There were several limitations to the current study that may affect the interpretation of the findings. Only behavioural indicators of social anxiety were employed in the current study which meant that it was difficult to fully determine whether a reduction in verbalisation in the CdLS group was due to or affected by anxiety caused by the presence of unfamiliar people. Physiological measures have been used in combination with behavioural indicators of social anxiety in the FXS literature [
24,
25] to provide a more accurate picture about whether the behaviours shown in this group are anxiety-related. Any future research on social anxiety in CdLS should try to incorporate physiological measures as well as behavioural indicators. Furthermore, although preliminary analyses indicate differences in social behaviour between the control condition and experimental conditions, which points to the integrity of the Social Tasks, validation of the measure in a typically developing population would further demonstrate that the conditions differed in social pressure.

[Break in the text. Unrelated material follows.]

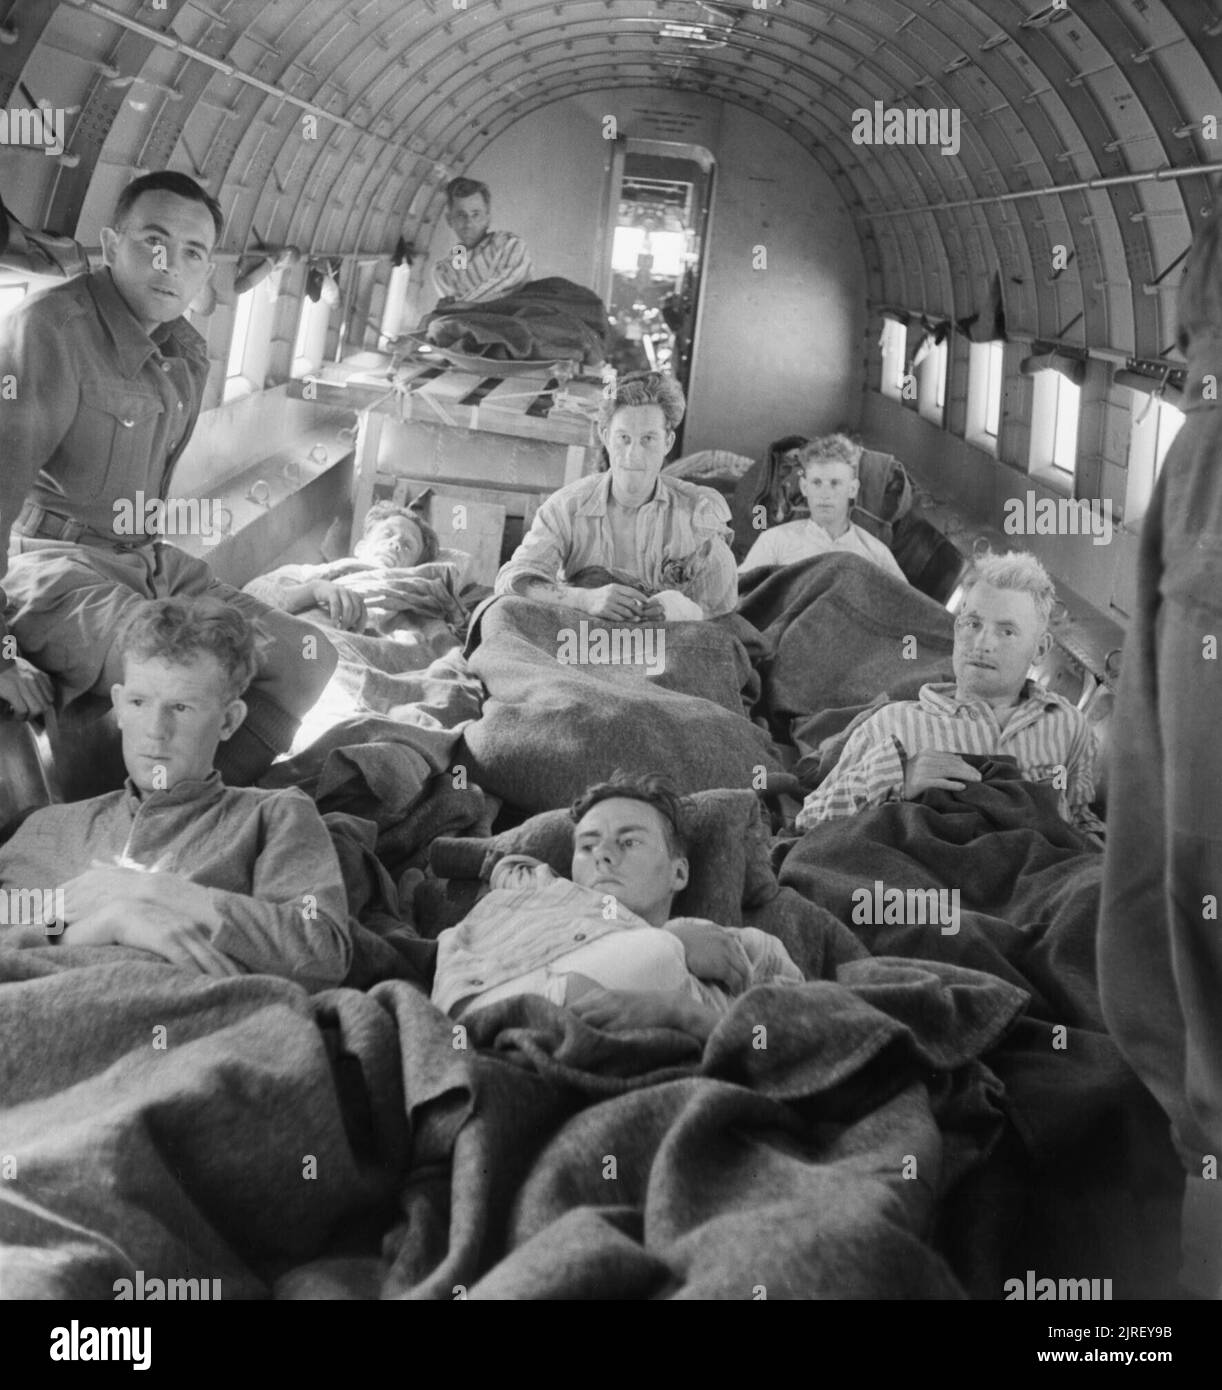 Royal Air Force Operations in the Middle East and North Africa, 1939-1943. Battle casualties loaded into a Lockheed Hudson Mark VI of No. 216 Group RAF at Castel Benito, Libya, for evacuation to hospitals in Egypt. Stock Photo

An additional limitation to the present study is the lack of information available about any anti-anxiety medication that participants may have been taking at the time of data collection. Another drawback is that the levels of social anxiety in adolescents and adults with CdLS may be under-reported. Two individuals with CdLS were recruited for the current study but withdrew before the research visits because parents reported that both individuals were experiencing significant anxiety about being visited by an unfamiliar person. The fact that these and other individuals with CdLS may not have taken part in the current study due to anxiety about being visited by an unfamiliar person indicates that the effect of unfamiliar people on levels of anxiety may be under-reported in this study.